We’ve all heard about the paperless office, and now we’re hearing about a cashless society.
The concept of a paperless office has been around for as long as I can remember. An early prediction of the paperless office was made in a 1975 Businessweek article. Of course, today, that dream of the paperless office hasn’t come true, though we are definitely on the path. It’s about time. According to the United States Environmental Protection Agency, the average office worker generates approximately two pounds of paper and paperboard products each day.
I started thinking about this when I read a New York Times article titled “In Sweden, a Cash-Free Future Nears.” Is there a parallel between the paperless office and a cashless society, both of which have been in the works for decades?
Like the long-predicted, slow-in-coming paperless office, the cashless society will come one day.
Bills and coins represent just two percent of Sweden’s economy versus 7.7% in the US. Surprisingly, half of Sweden’s largest banks keep no cash on hand. They also save a bundle on security since there is nothing to steal.
The shift is at least, in part, demographic, with young people almost always using cards and electronic payments to pay their bills, and of course technology is doing its part by making it easier to securely pay bills electronically:
- Mobile developments
- Peer-to-peer payments
- Tap to pay
- Apple Wallet and Android Pay
- Plug-in card readers
- Online banking and transfers
- More secure (EMV) chip cards with card-cloaking
According to the New York Times, the shift away from cash is not limited to banks. Everyone is getting into the act. Street vendors and churches were cited as being on board, because when they accept electronic payments, they experience higher sales and greater donations. Just like small businesses, big businesses benefit when customers find it easier and more convenient to pay electronically.
While many businesses benefit from the trend toward a cashless society, one must pity the poor ATM industry, as banks in Sweden dismantle hundreds of ATMs.
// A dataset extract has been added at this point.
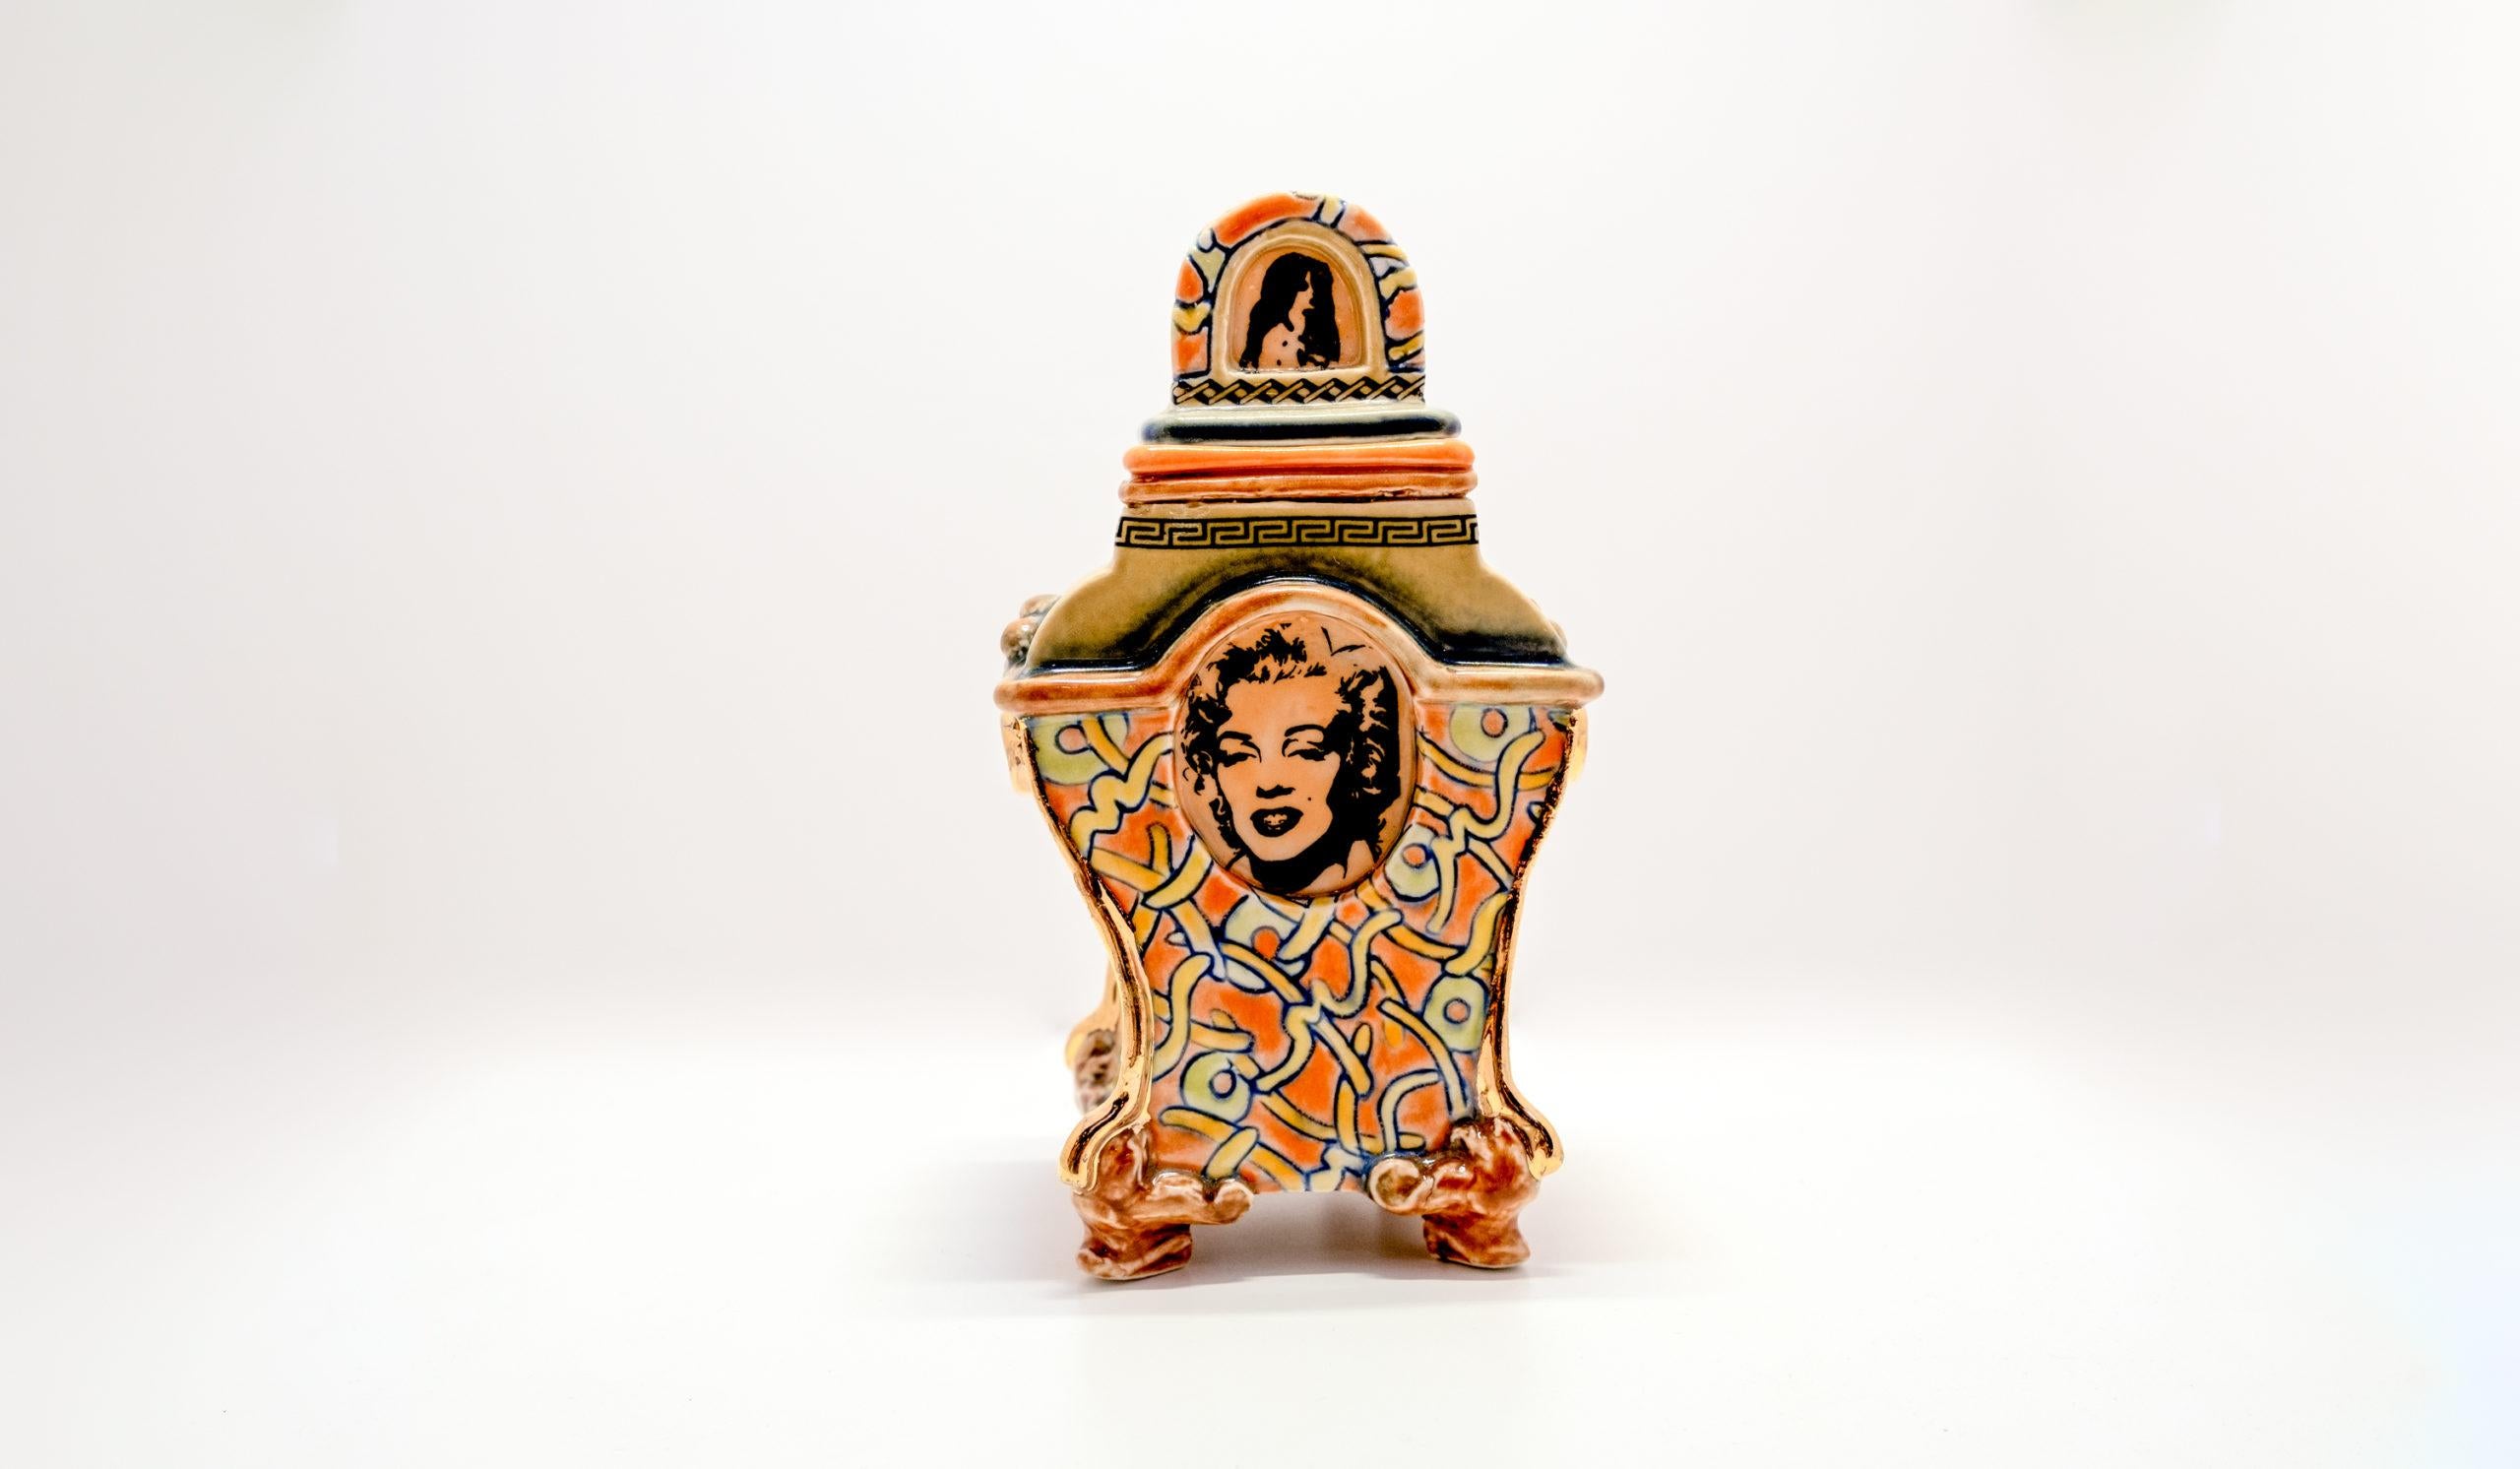 Dies ist ein einzigartiges, funktionales Gefäß des Künstlers Ron Carlson aus San Diego. Auf diesem Behälter mit Deckel ist die amerikanische Popkultur-Ikone Marilyn Monroe abgebildet. Dieses Keramikgefäß ist orange mit Grüntönen und ist 6,5 Zoll

While there are losers, there are winners too. Banks, as already mentioned, like the trend because it generates fees and lowers security costs. The government likes it because more transactions become trackable (and, thus, more easily taxed) and cash/coins are expensive to produce and maintain.
While very few of you reading this work for companies that are paid in cash, it is important to be on top of this trend and understand what it means to your business. Even though the US is lagging other developed countries in the shift to a cashless society, we must be prepared for its eventuality.
Like the long-predicted, slow-in-coming paperless office, the cashless society will come one day. The trends are clear; the timing is not. The increase in use of e-billing and e-payments and the decrease in the use of cash/checks are all good for business and should be embraced and promoted.
Who knows, that cash you have been putting under your mattress might be a great investment. After all, cash might become the ultimate collector’s item. You never know.